Would a 'flojet' not work? Sounds the most practical solution and conect to a large water bottle. Saw an ad for a mobile coffee machine with one of these added. Just a thought..


----------



## aaronb (Nov 16, 2012)

Exactly what coffeechap says, originally the plumbed and tank were separate variants so if it is one of these I doubt it can be retrofitted to tank (although emailing Londinium couldn't hurt).

The later variants had the tank but you just buypassed it, so it's much simpler to revert to tank operation.


----------



## Dylan (Dec 5, 2011)

Happy to be corrected if I am wrong by those who know more about the machine

If you can swap out the rotary pump for a vibratory pump then all you need to do is have water feed to the vibe pump, they dont need line in pressure to do their job.

I dont have it in action yet, but I am running this 'solution' on a VBM machine that is plumped, I have the lid of a water bottle I have attached an elbow to, and have made a mount to hold the water bottle inverted.
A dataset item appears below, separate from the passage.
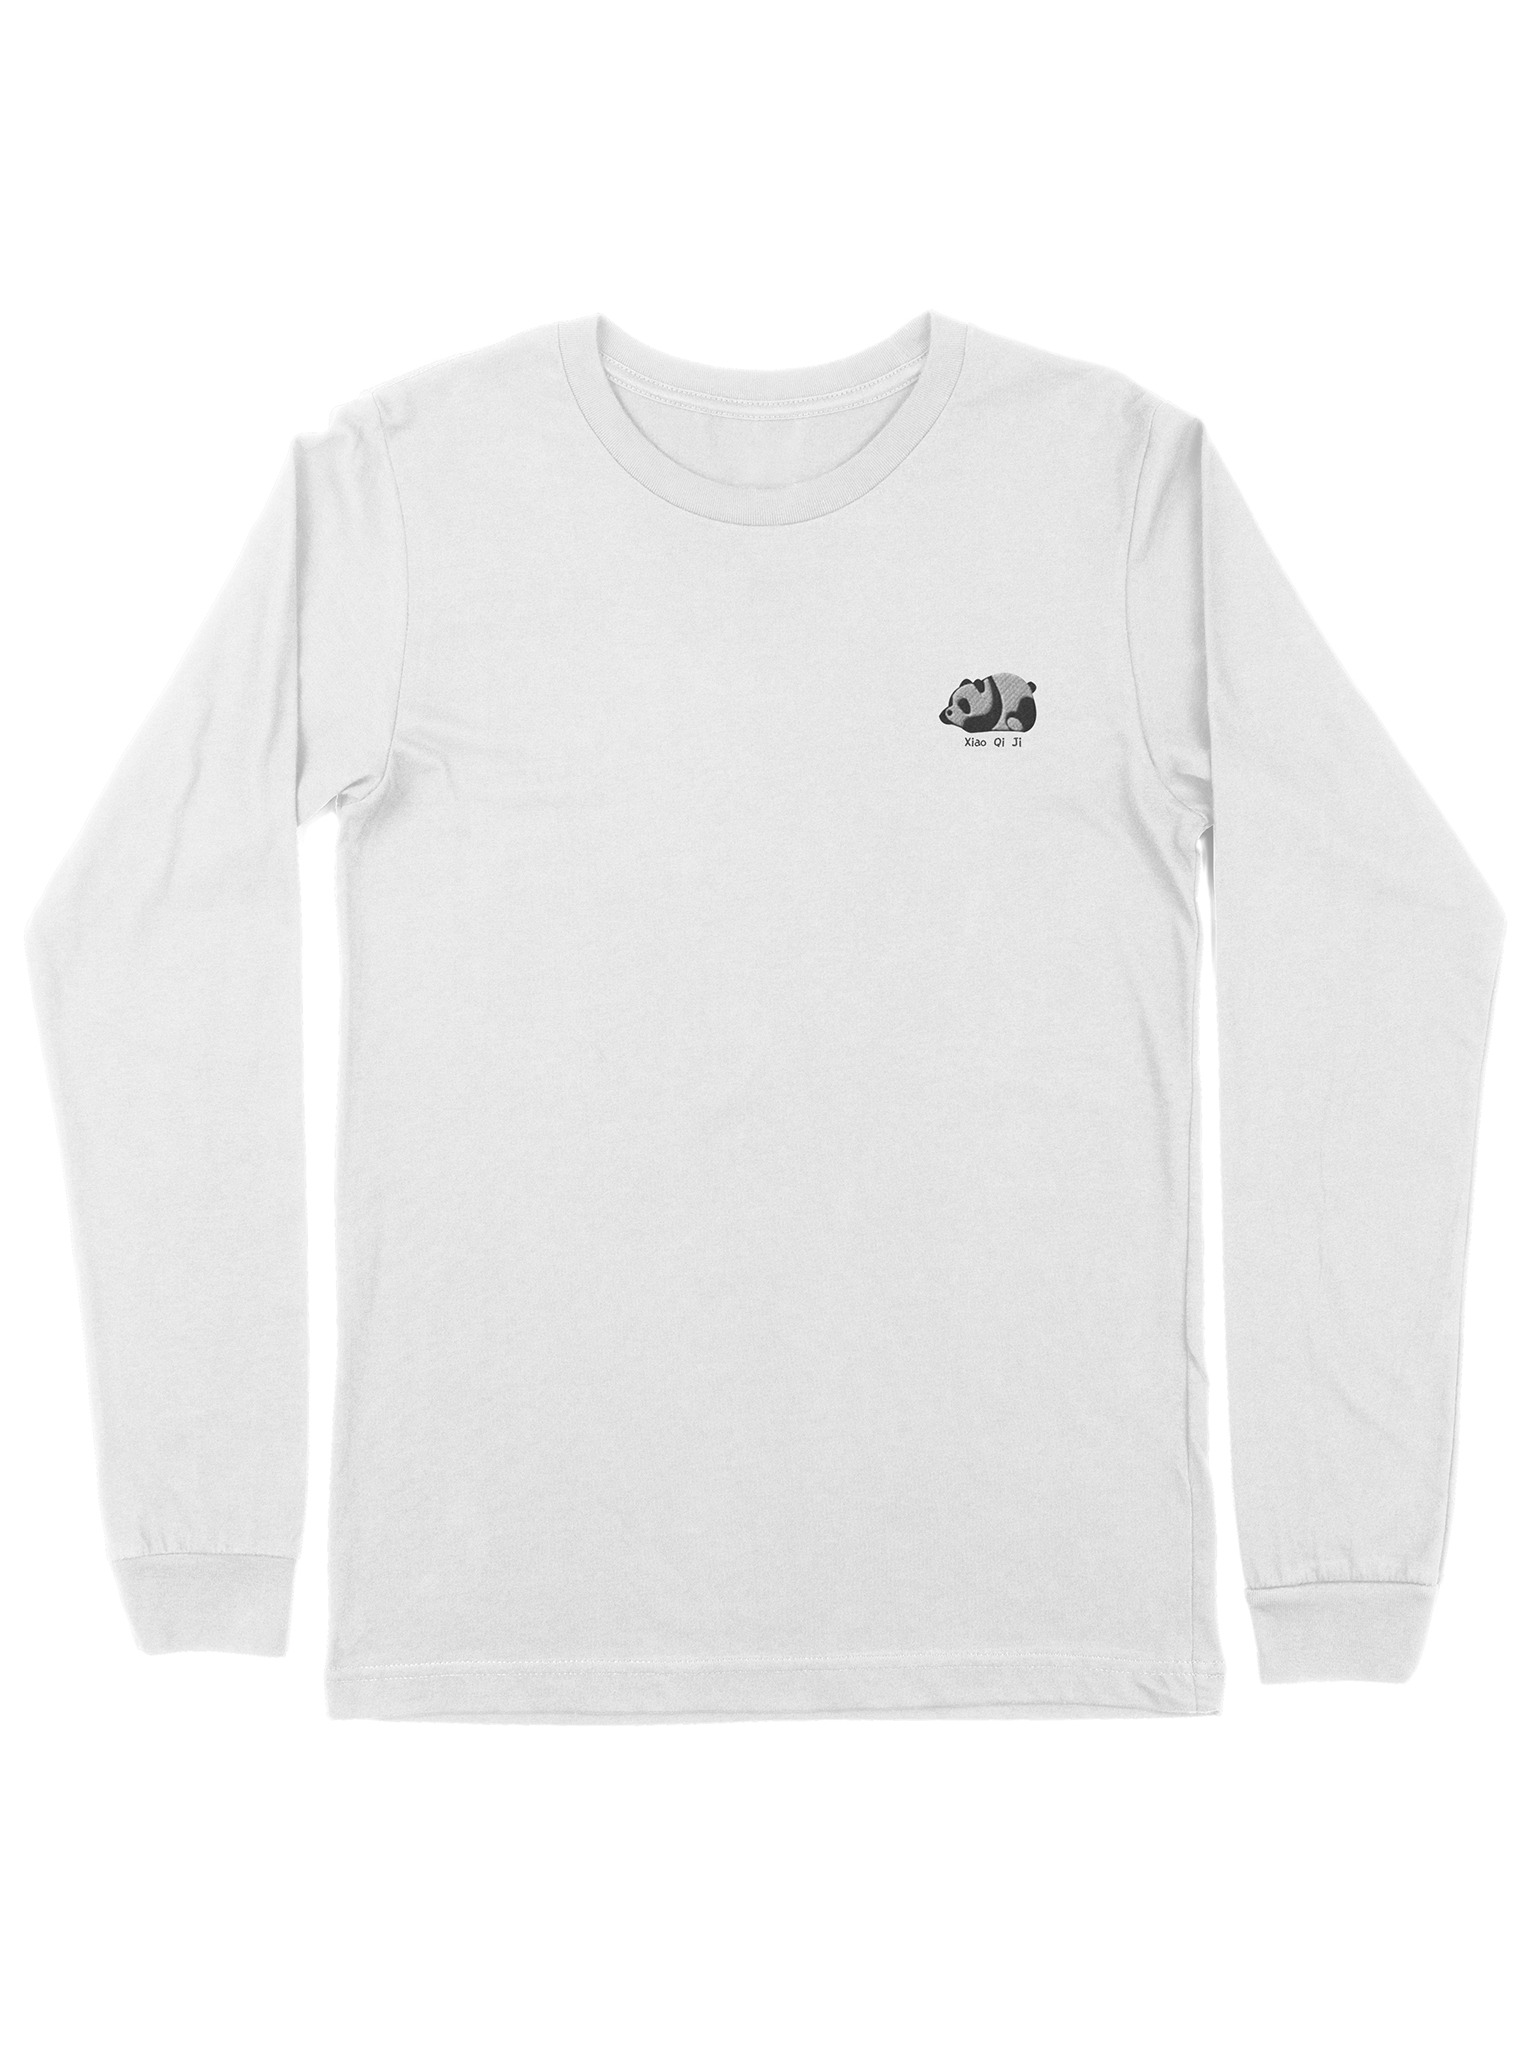 Embroidered Long Sleeve Cub Tee

So when the bottle runs out, I can just attach the modified lid to the next water bottle, pop a pinhole in the base of the inverted bottle and I'm done.


----------



## 4085 (Nov 23, 2012)

Dylan said:


> Happy to be corrected if I am wrong by those who know more about the machine
> 
> If you can swap out the rotary pump for a vibratory pump then all you need to do is have water feed to the vibe pump, they dont need line in pressure to do their job.
> 
> I dont have it in action yet, but I am running this 'solution' on a VBM machine that is plumped, I have the lid of a water bottle I have attached an elbow to, and have made a mount to hold the water bottle inverted. So when the bottle runs out, I can just attach the modified lid to the next water bottle, pop a pinhole in the base of the inverted bottle and I'm done.
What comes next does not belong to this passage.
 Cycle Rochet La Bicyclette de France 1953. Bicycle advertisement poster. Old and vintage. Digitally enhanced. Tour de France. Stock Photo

the L1 does not have a rotary pump. The plumbed model has no pump at all, using line pressure. So,apart from the missing tank, associated parts and electrics, you have to introduce a vibe pump into the system. It is easy to go from tanked to plumbed but not the other way around. You then need to buy a new lid. The Mark 1's may well not even be available as I am sure they sold them off. the op is better off working out the cost of the extra hassle and parts and looking for tanked. The guy selling the L1 is going to find it hard to get good market value, for these reasons


----------



## Dylan (Dec 5, 2011)

dfk41 said:


> the L1 does not have a rotary pump. The plumbed model has no pump at all, using line pressure. So,apart from the missing tank, associated parts and electrics, you have to introduce a vibe pump into the system. It is easy to go from tanked to plumbed but not the other way around. You then need to buy a new lid. The Mark 1's may well not even be available as I am sure they sold them off. the op is better off working out the cost of the extra hassle and parts and looking for tanked. The guy selling the L1 is going to find it hard to get good market value, for these reasons


Ah right, a fair bit more complicated then!


----------